Except they were a ruse, and they both knew it. It didn’t bother him at night, so much, when they were more like a final article of clothing to be removed. And usually, Clark was awake and dressed well before him. He wasn’t used to waking up with Clark there, still in bed, untouched by the world.

It was nice. Maybe Dick had been onto something, after all. But the glasses were so strange.

“I’m not proposing,” Clark clarified. “I just want to know if that’s even an option. If that’s a… possible destination on the path we’re on.”

“Why are you wearing your glasses?”

Clark sat back and touched the frames. “I—I don’t know. Habit. It helps cut the intensity, I guess. I can take them off, if—”

“No.” Bruce tilted his head, considering the truth of the question. The truth was, he had no idea. He’d never given marriage much thought, as he’d always assumed he’d die long before that ever became an issue, and then there was the matter of his calling and obligation to Gotham. It hadn’t left much room for a spouse in the picture.

Then again, he hadn’t ever seen himself raising a teenage boy, but here he was, and he wouldn’t give it up for the world.

“Maybe,” he said.

Clark reached for his glasses, and Bruce stopped him, taking his hand.

“I mean, maybe it’s on the table.
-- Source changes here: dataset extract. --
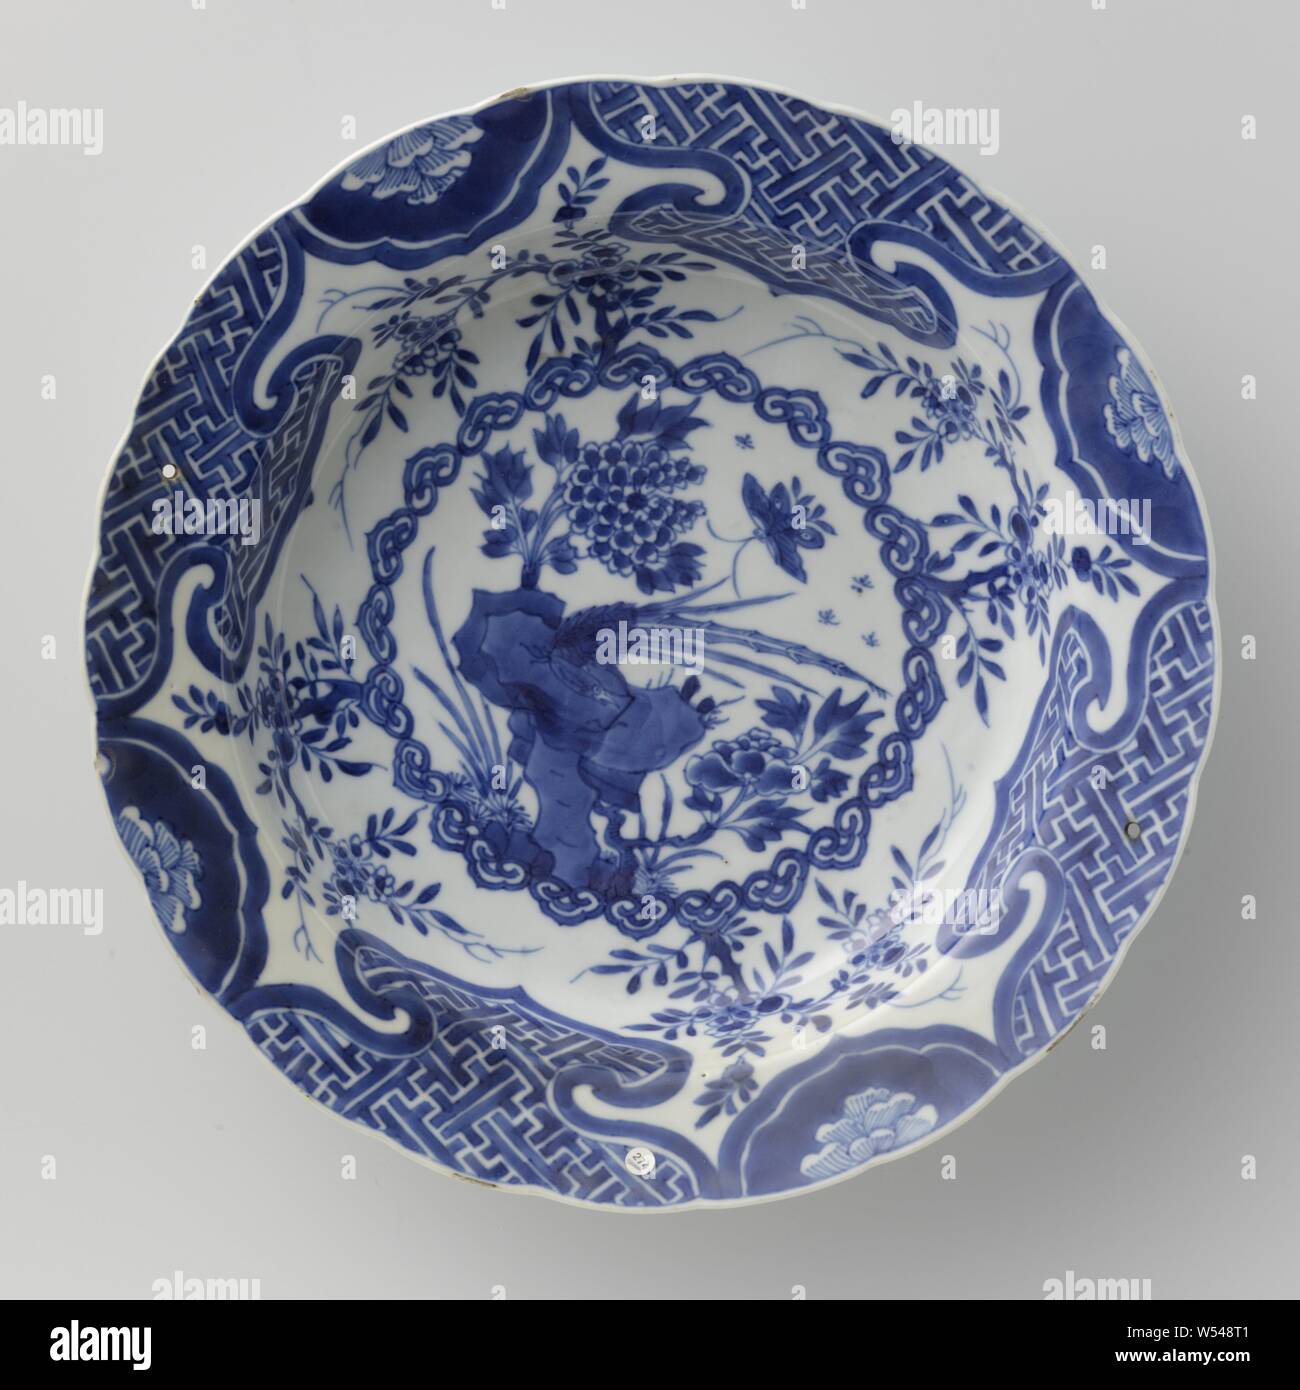 Dish with a pheasant on a rock, butterfly and flower sprays, Deep porcelain dish with lobed edge, painted in underglaze blue. On the shelf a medallion of ruyi motifs containing a pheasant on a rock with two flowering plants, butterfly and insects, a flower branch four times around the medallion, the border with alternating a lobed cartouche with a flower in reserve and a larger cartouche with a geometric pattern, the back with three flower sprays. Two drill holes and a chip in the edge. Blue and white., Battle, fighting in general (naval force), warfare, military affairs (sailing ships Stock Photo

For the future. It’s not… off the table.”

“It’s not?”

Bruce scowled. “Why the shocked tone?”

“I don’t know,” said Clark with a shrug. “I just was worried that… I don’t know. Forget it.”

“I’ll be honest,” said Bruce. “I don’t see how it would possibly work, but—”

“You don’t? Why not?”

“Can’t we do this after coffee?” Bruce grumbled, shuffling back under the covers.

He felt Clark move out of the bed and then a strong wind blow by, and Clark was gone. Bruce shrugged and closed his eyes. It couldn’t have been more than five minutes before he smelled hot, freshly brewed coffee right in front of him.

“As requested,” said Clark, now in a t-shirt and pants. Back in the glasses. “Gotham street-cart coffee. Your favorite.”

“Hrn,” said Bruce. Gotham street-cart coffee wasn’t actually very good at all, but he drank it anyway.

Clark slid back into bed. “So, shoot: what impossibility did you think of that I hadn’t?”

Bruce rubbed his forehead as he thought. This wasn’t the conversation he’d been hoping to have. Not on this trip. Not this morning. It seemed wrong to dwell on the inevitability of this ending, and it felt even worse to say something like that to Clark. Even if he was sure it were true.

“Well, I’m not moving to Metropolis, for one.”

“I could move here. I mean, to Gotham, not the lakehouse. Not that I’d mind the lakehouse.”

That brought a dry laugh up from Bruce’s chest. “You hate Gotham. You love Metropolis.”

“I love you.”

They were simple words, but not ones often expressed. Bruce wasn’t quite sure how to respond to that, so he just bit back the smile that tugged at the corner of his mouth.

“You love your job, too. Granted, I could get you something in Gotham, but I couldn’t ask you to leave the Planet. And someone’s bound to notice Superman changing his base of operations.”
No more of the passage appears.